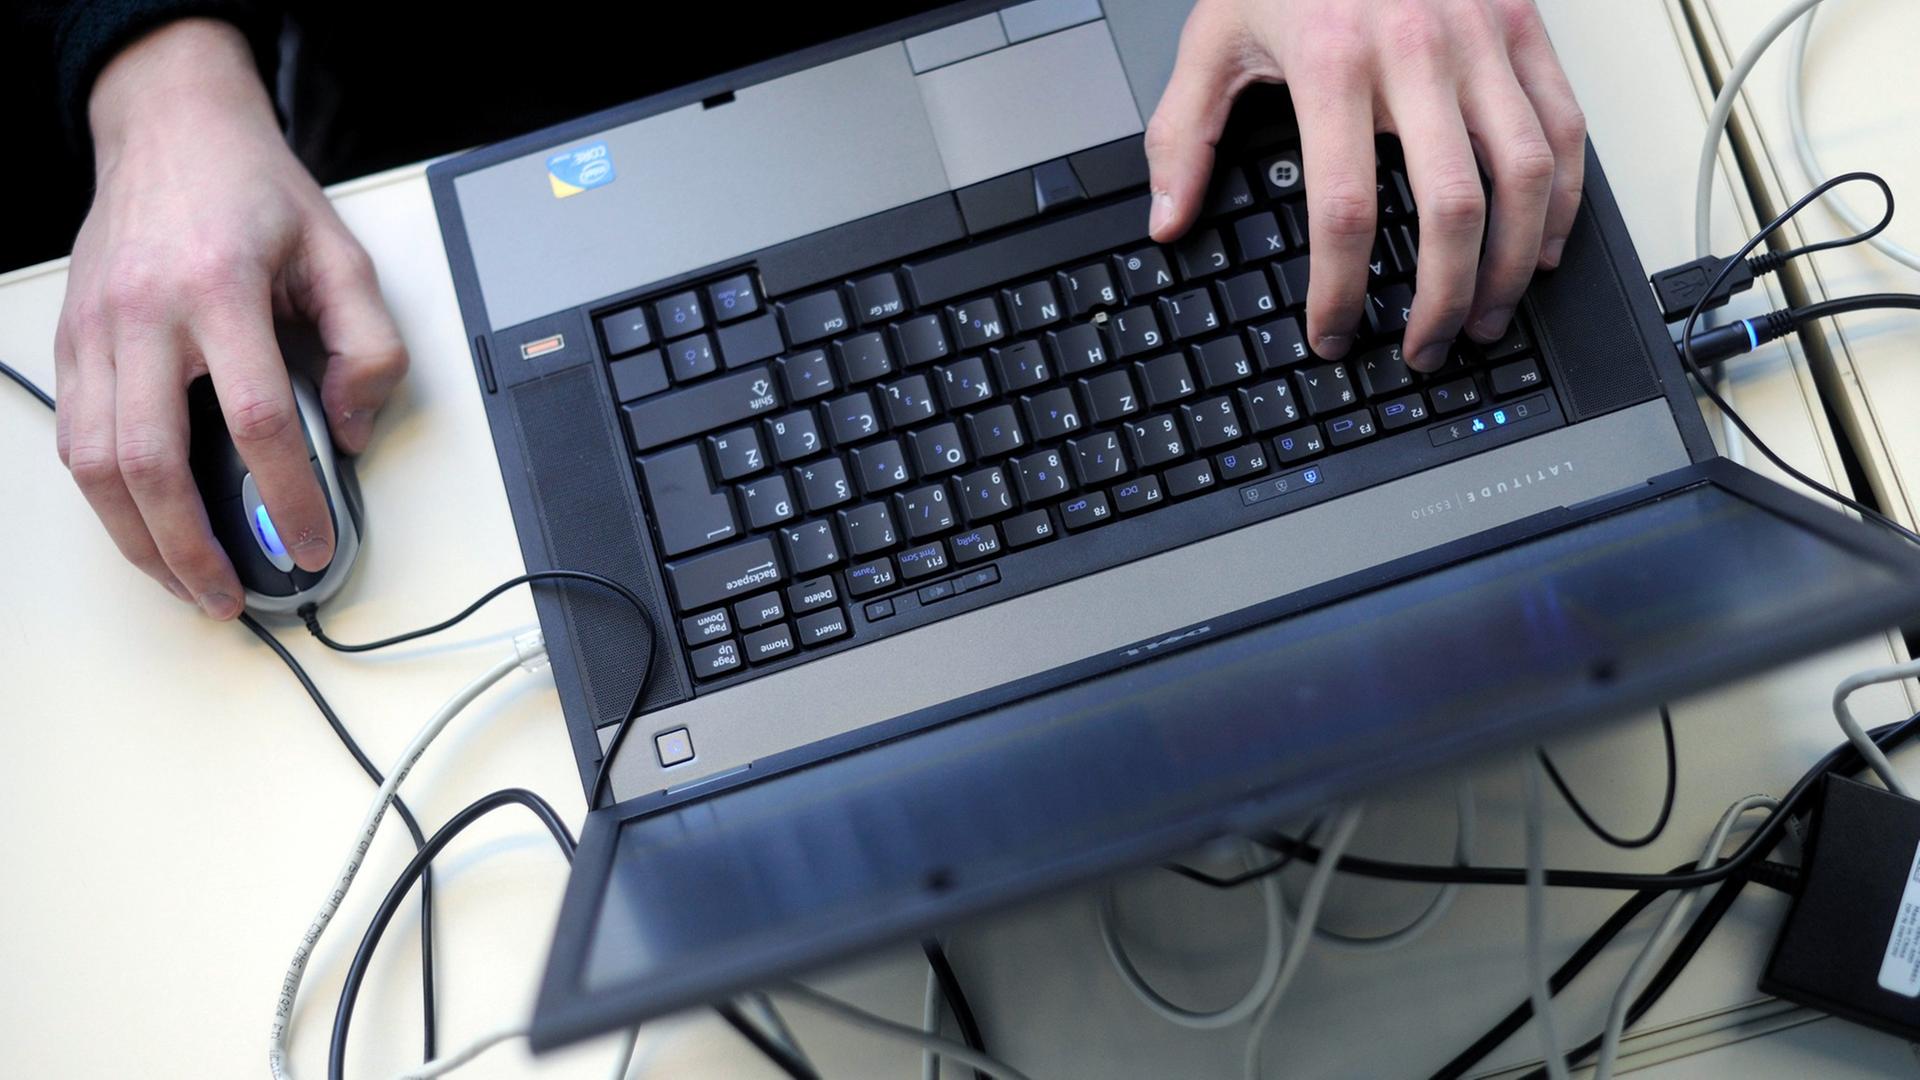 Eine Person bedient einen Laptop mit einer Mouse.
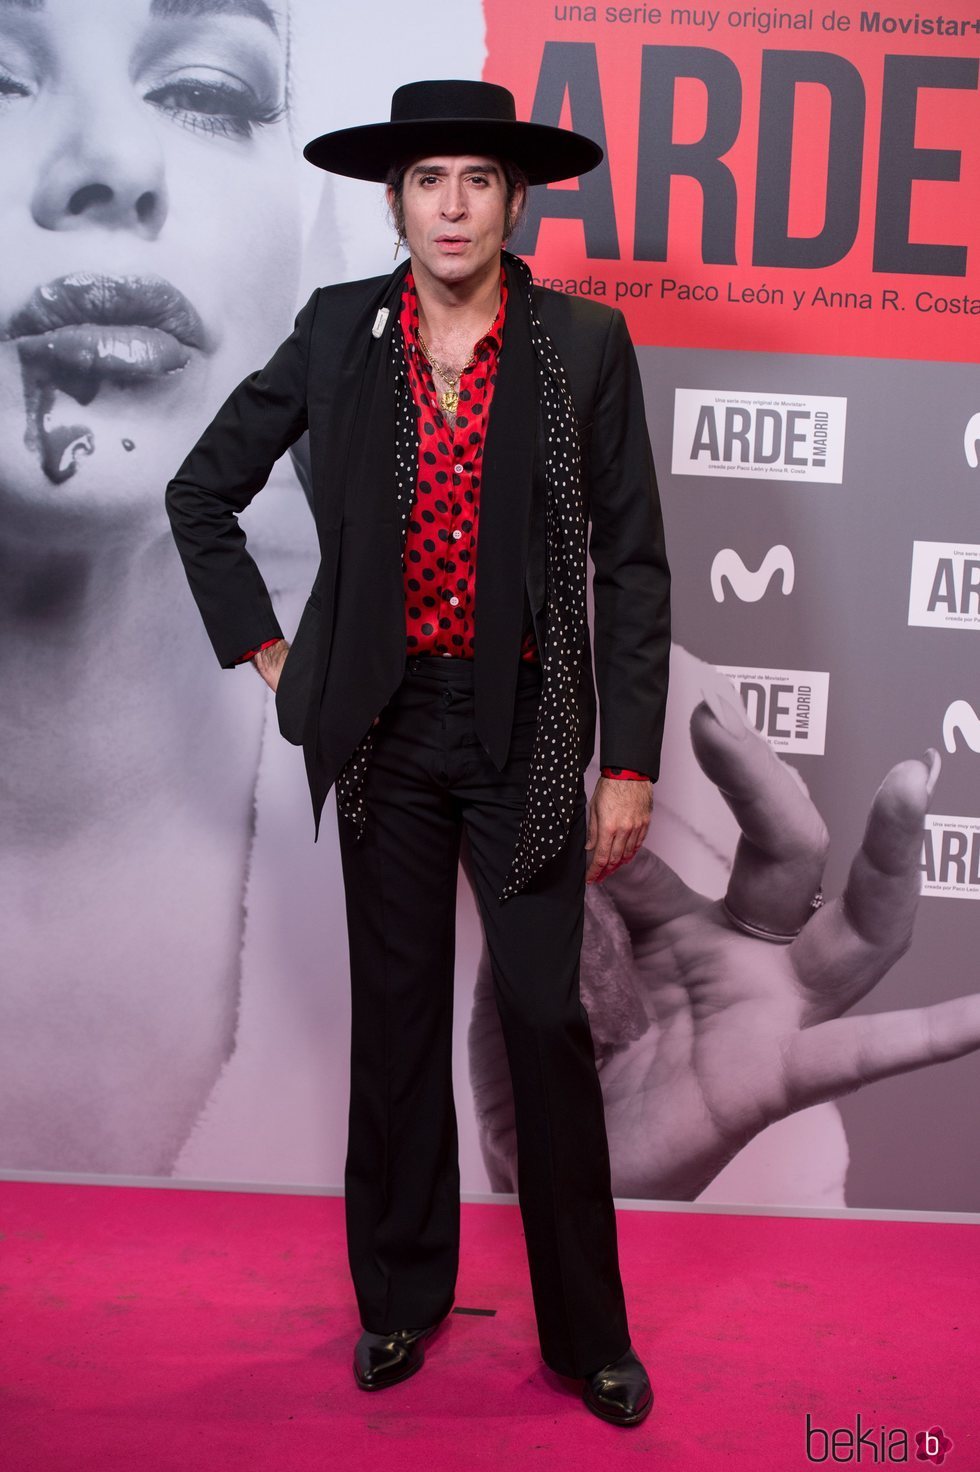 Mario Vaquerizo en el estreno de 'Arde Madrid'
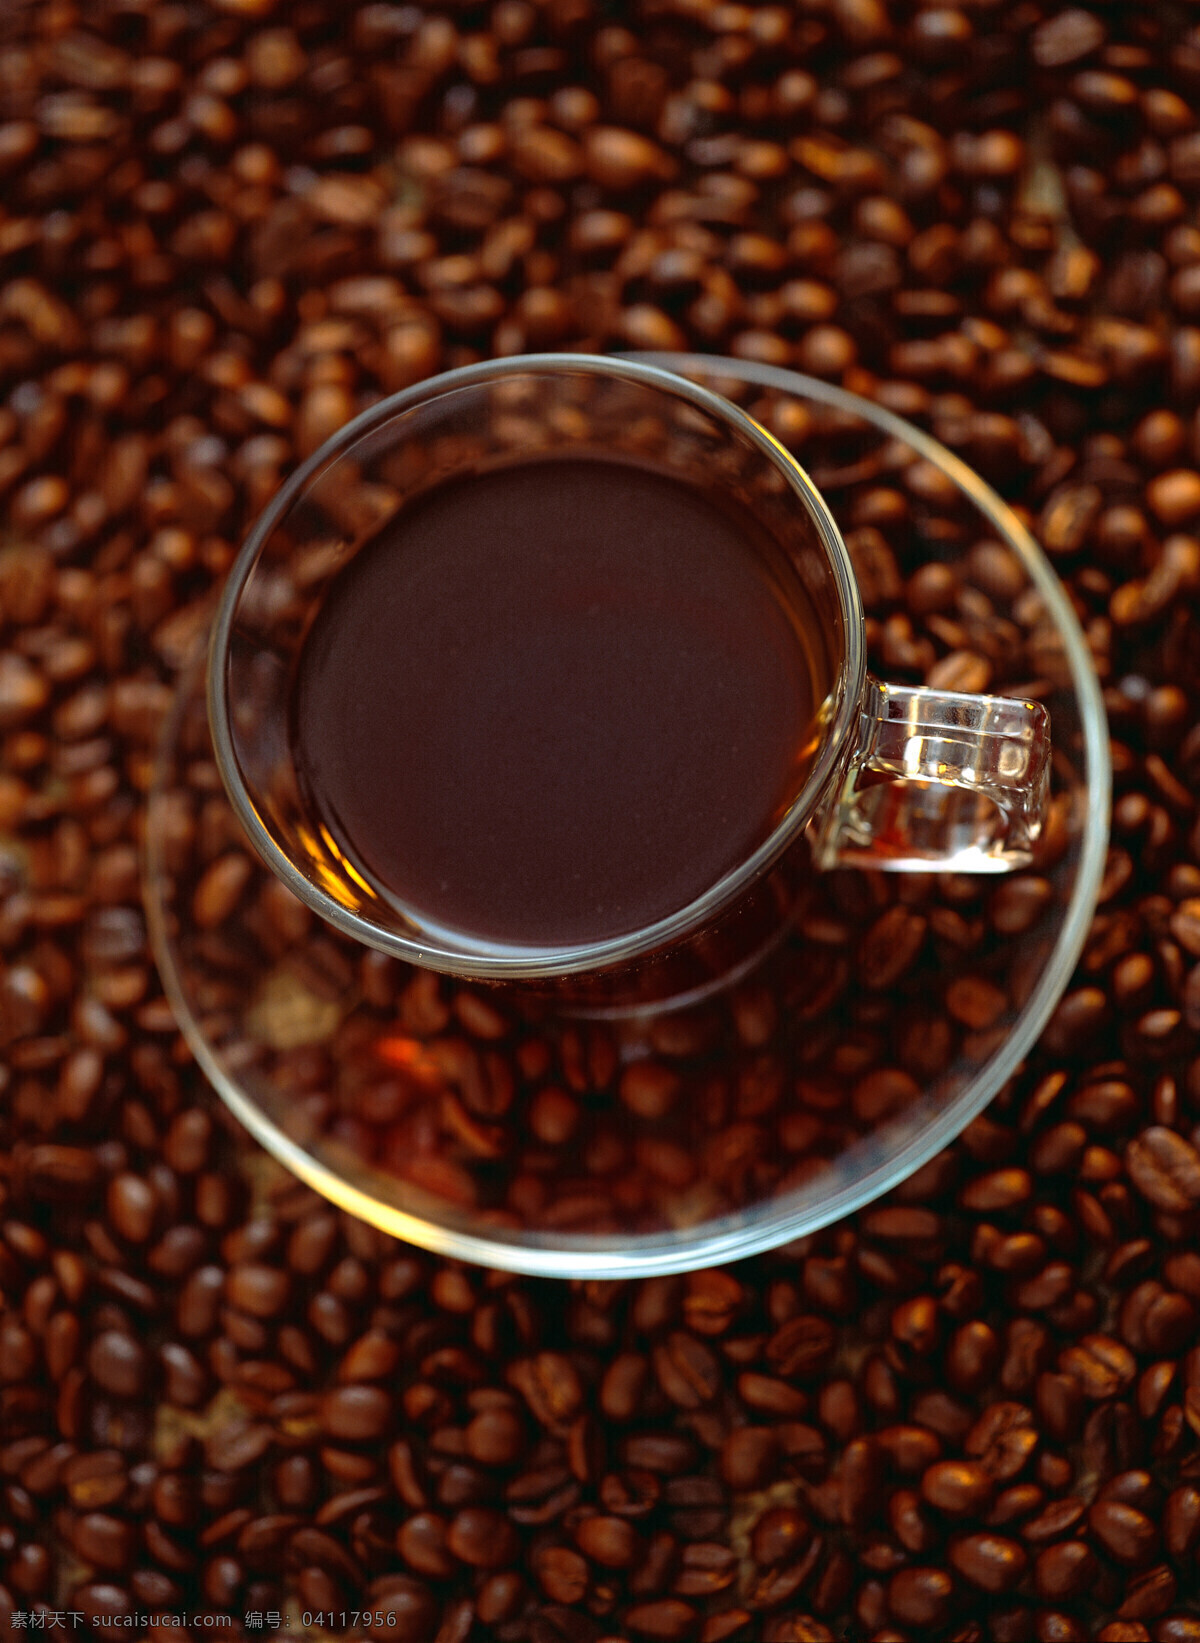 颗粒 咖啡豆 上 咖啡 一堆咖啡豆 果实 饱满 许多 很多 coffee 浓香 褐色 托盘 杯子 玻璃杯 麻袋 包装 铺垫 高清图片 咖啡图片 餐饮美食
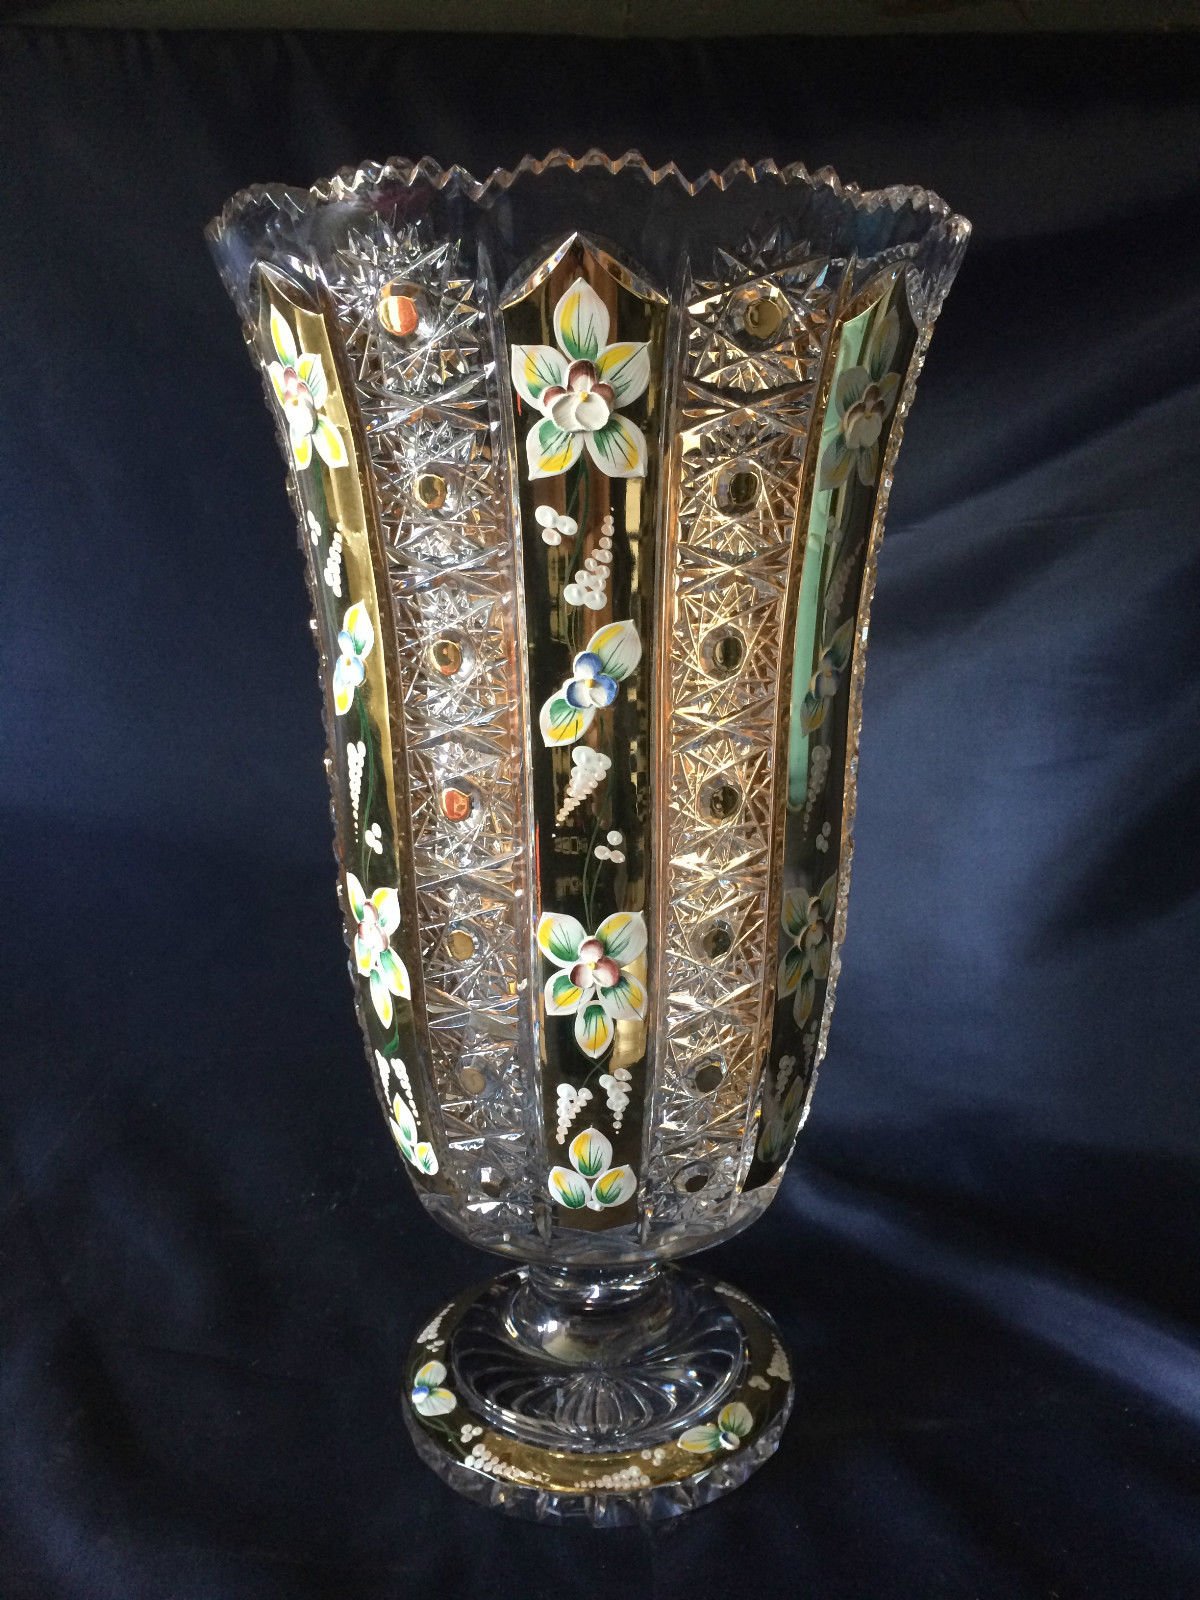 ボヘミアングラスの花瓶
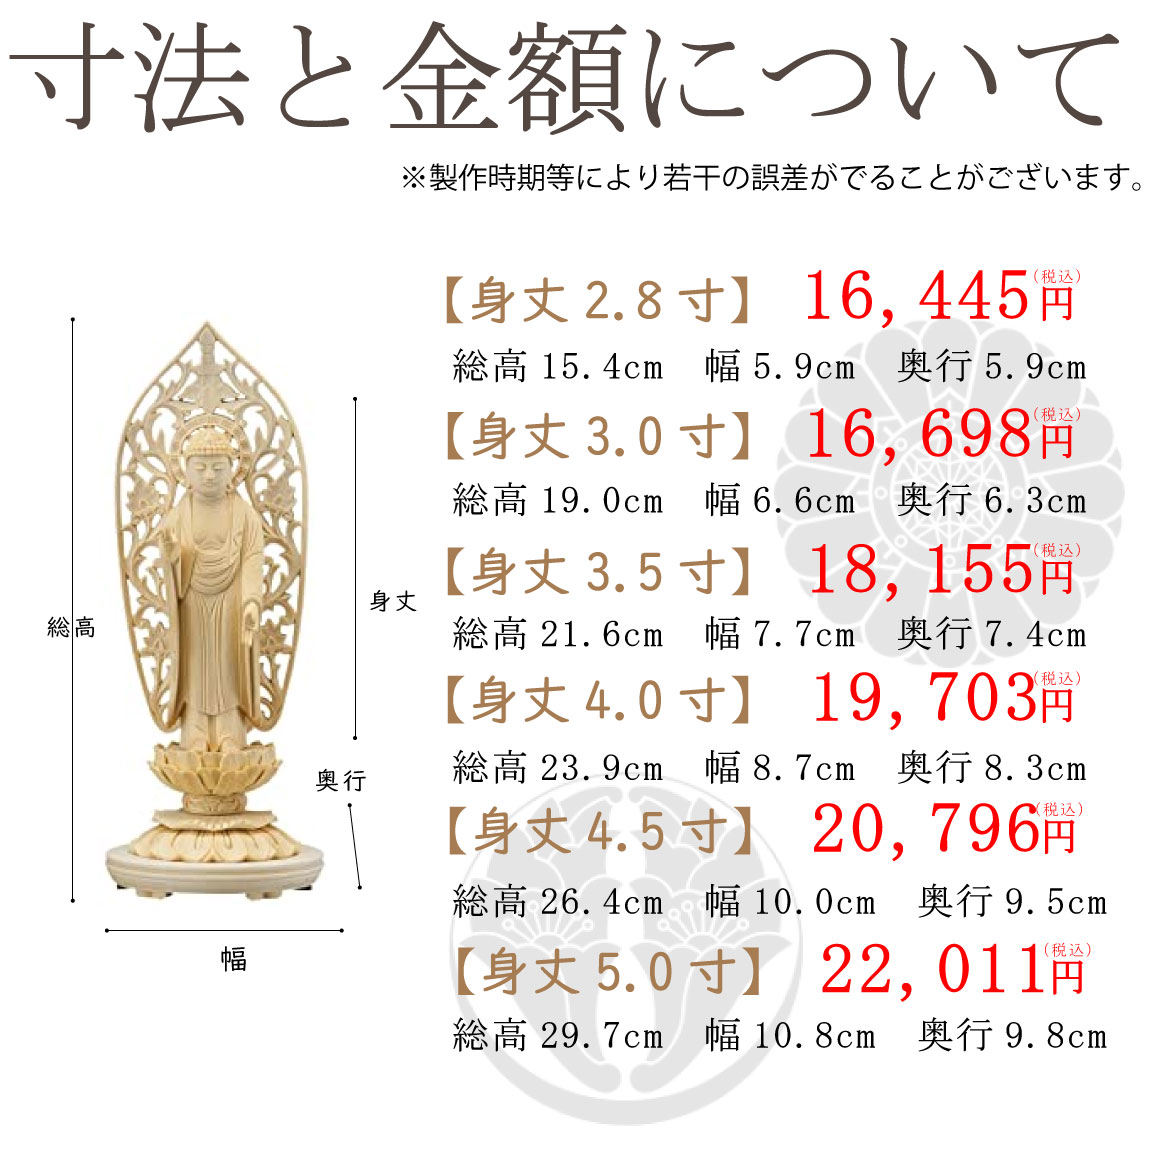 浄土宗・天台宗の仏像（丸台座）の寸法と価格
________________________________________
> **What you should do**: Your answer must be an exact copy of the records, minus any pictures.

> **Reply to the exercise**:
 Eine Person bedient einen Laptop mit einer Mouse.
 Mario Vaquerizo en el estreno de 'Arde Madrid'
 颗粒 咖啡豆 上 咖啡 一堆咖啡豆 果实 饱满 许多 很多 coffee 浓香 褐色 托盘 杯子 玻璃杯 麻袋 包装 铺垫 高清图片 咖啡图片 餐饮美食
 ボヘミアングラスの花瓶
 浄土宗・天台宗の仏像（丸台座）の寸法と価格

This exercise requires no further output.